Painting the base I will be using three colors Burnt umber, burnt Sienna and white. One thing I recommend is writing down your colors you use as you will have to repeat the process six more times when the other kits become available.


----------



## sg-99 (Jan 11, 2009)

For the rope I went with a nylon type rope easier to work with and more realistic looking to what it look like in the show. Once I get the rope the way i want it I will take the end of the rope and attach it to back of utility belt as he looks like he is pulling it out. For the base Burnt umber base coat, next was burnt sienna basically dry brushed then the final step will be a burnt umber and touch of white dry brushed for the Highlights.


----------



## sg-99 (Jan 11, 2009)

Today finishing off The Contaminated Cowl Batman, with a little white in with the burnt Umber I dry brushed ever so lightly to pick out the highlights on the base which is almost invisible in pictures but noticeable in person. Got the Bat Rope where I want it and added a drop of super glue to the end and attach it to one of his Utility belt pouches. Finally for the Bat emblem and Belt Buckle I used the kit supplied stickers not the decals as I wanted to see how they look and they are very nice on the model and a shot of a sealer will keep them on for a very long time.
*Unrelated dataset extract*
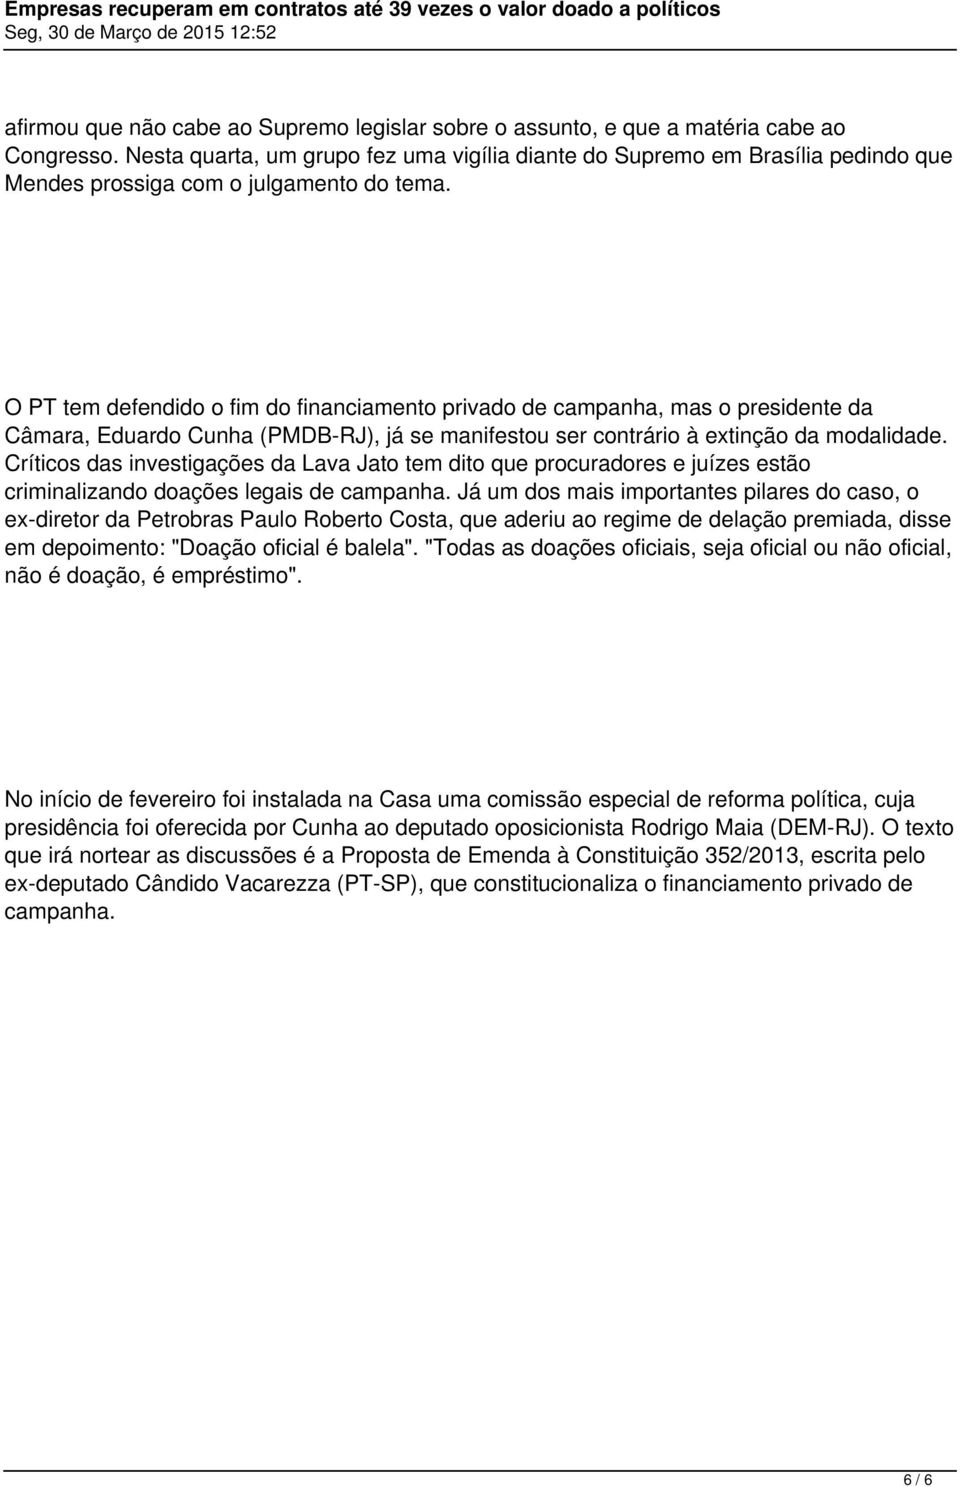 O PT tem defendido o fim do financiamento privado de campanha, mas o presidente da Câmara, Eduardo Cunha (PMDB-RJ), já se manifestou ser contrário à extinção da modalidade.

Outstanding kit, fun Factor off the charts and I Highly recommend this kit to any modeler of every skill and age!

Brad Hair


----------



## StyreneDude (Nov 16, 2012)

Love the contaminated cowl version!

Good idea too about writing down the colors used on the bases...I did the same thing.


----------



## Highlander242 (Nov 26, 2014)

I like the idea of the pink cowl.


----------



## scooke123 (Apr 11, 2008)

The contaminated cowl is surely a different look! I never thought about saving the base colors - great tip!!!


----------